## Prompt
Your reply must contain the lines from the one with "Lancel Summer Tote" through the last line of the material, exact and complete, with no pictures and no other text.

## The data
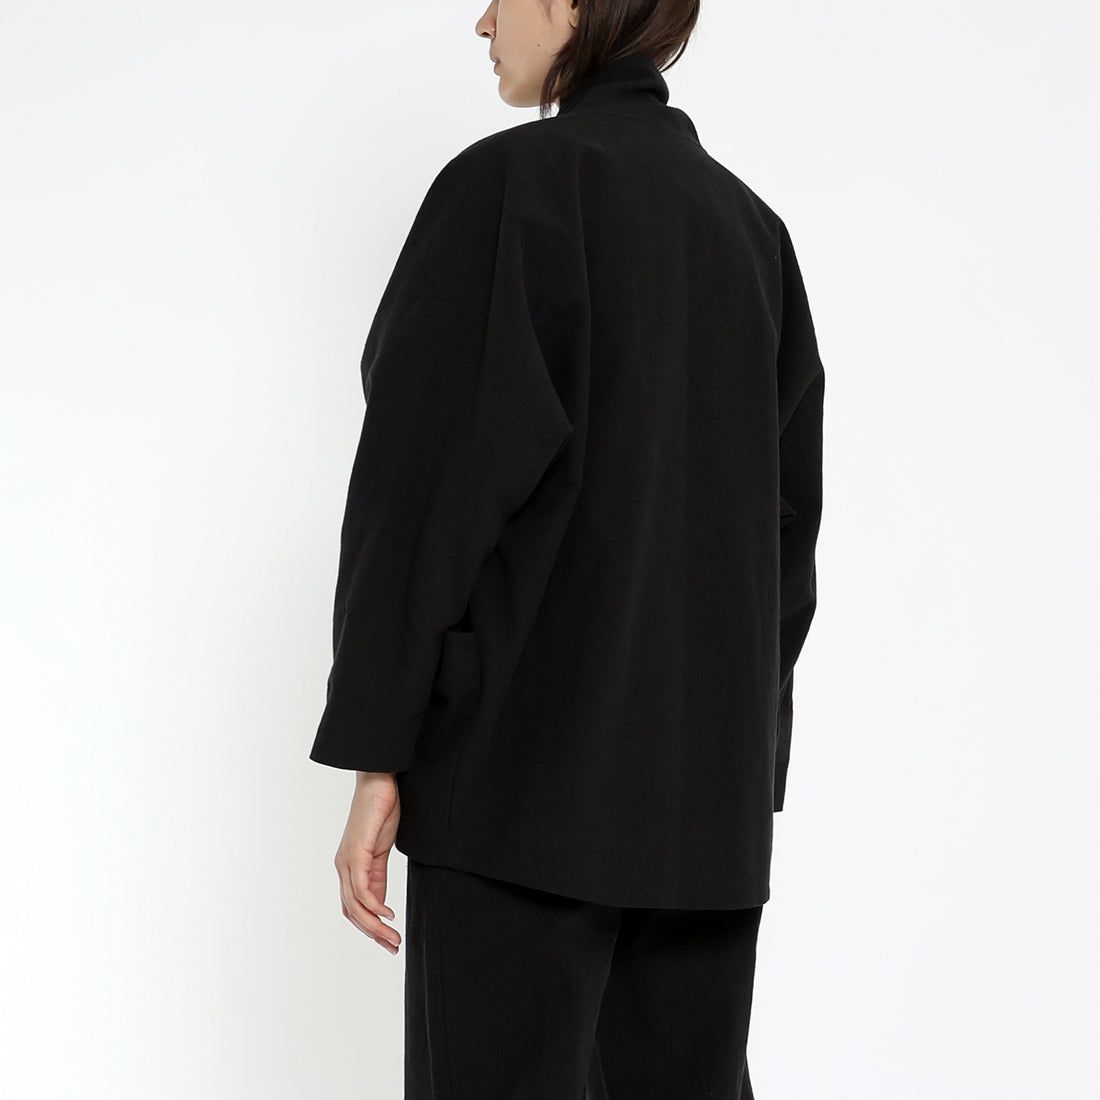 Product Image for Signature Unisex Sumo Jacket, Black
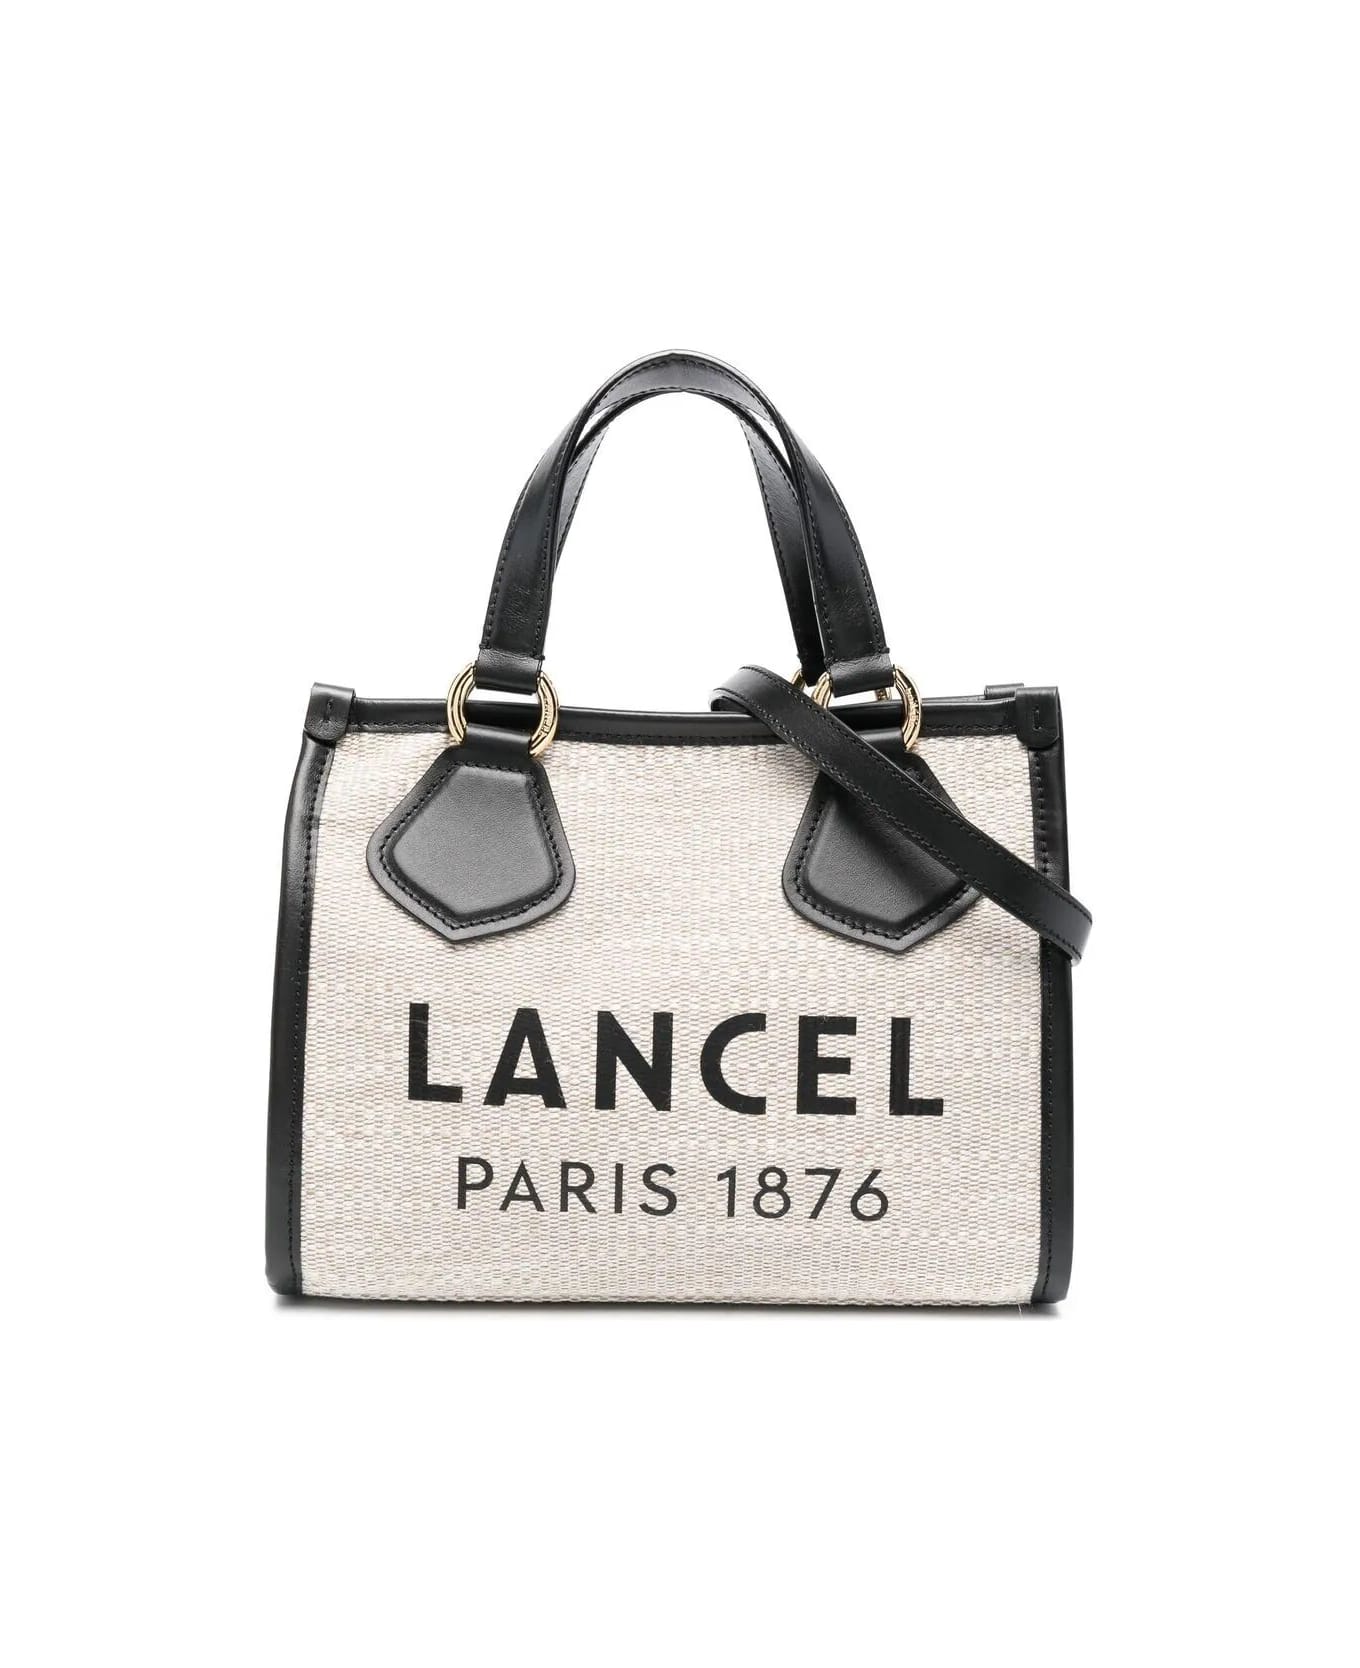 Lancel Summer Tote - L414301l Beach Bag - A Natural Blk
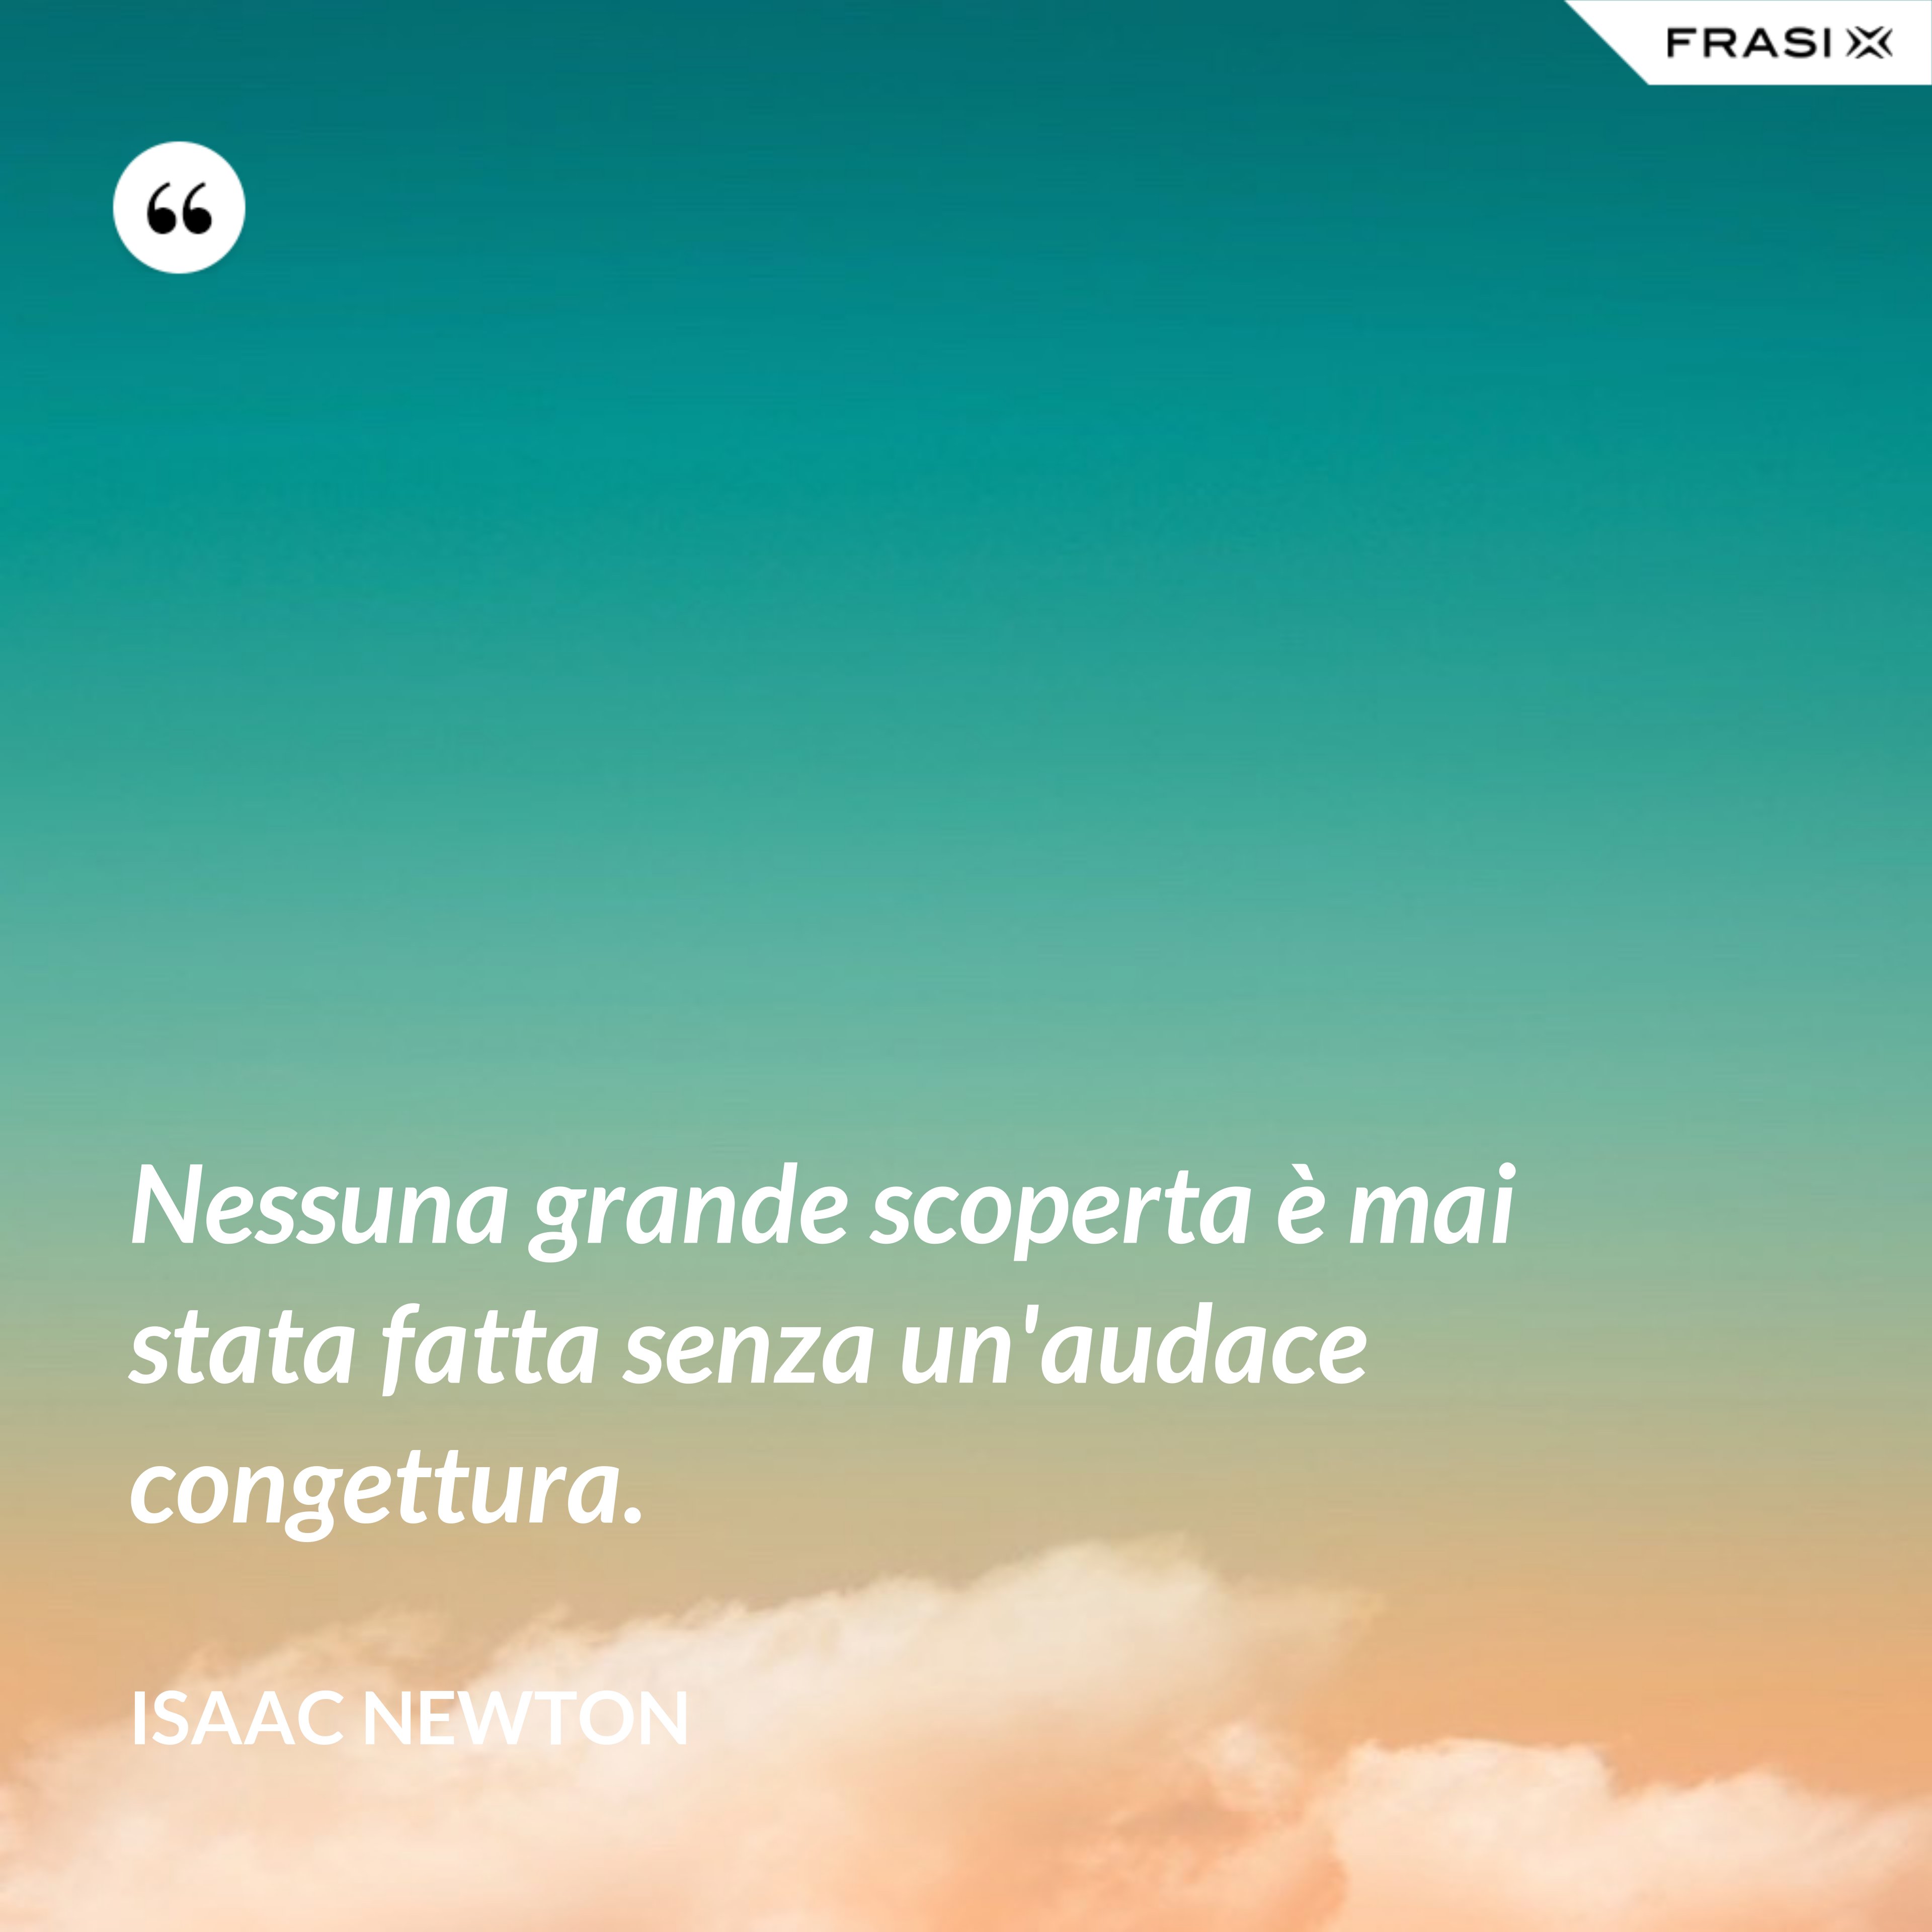 Nessuna grande scoperta è mai stata fatta senza un'audace congettura. - Isaac Newton

## Answer section
 Lancel Summer Tote - L414301l Beach Bag - A Natural Blk
 Nessuna grande scoperta è mai stata fatta senza un'audace congettura. - Isaac Newton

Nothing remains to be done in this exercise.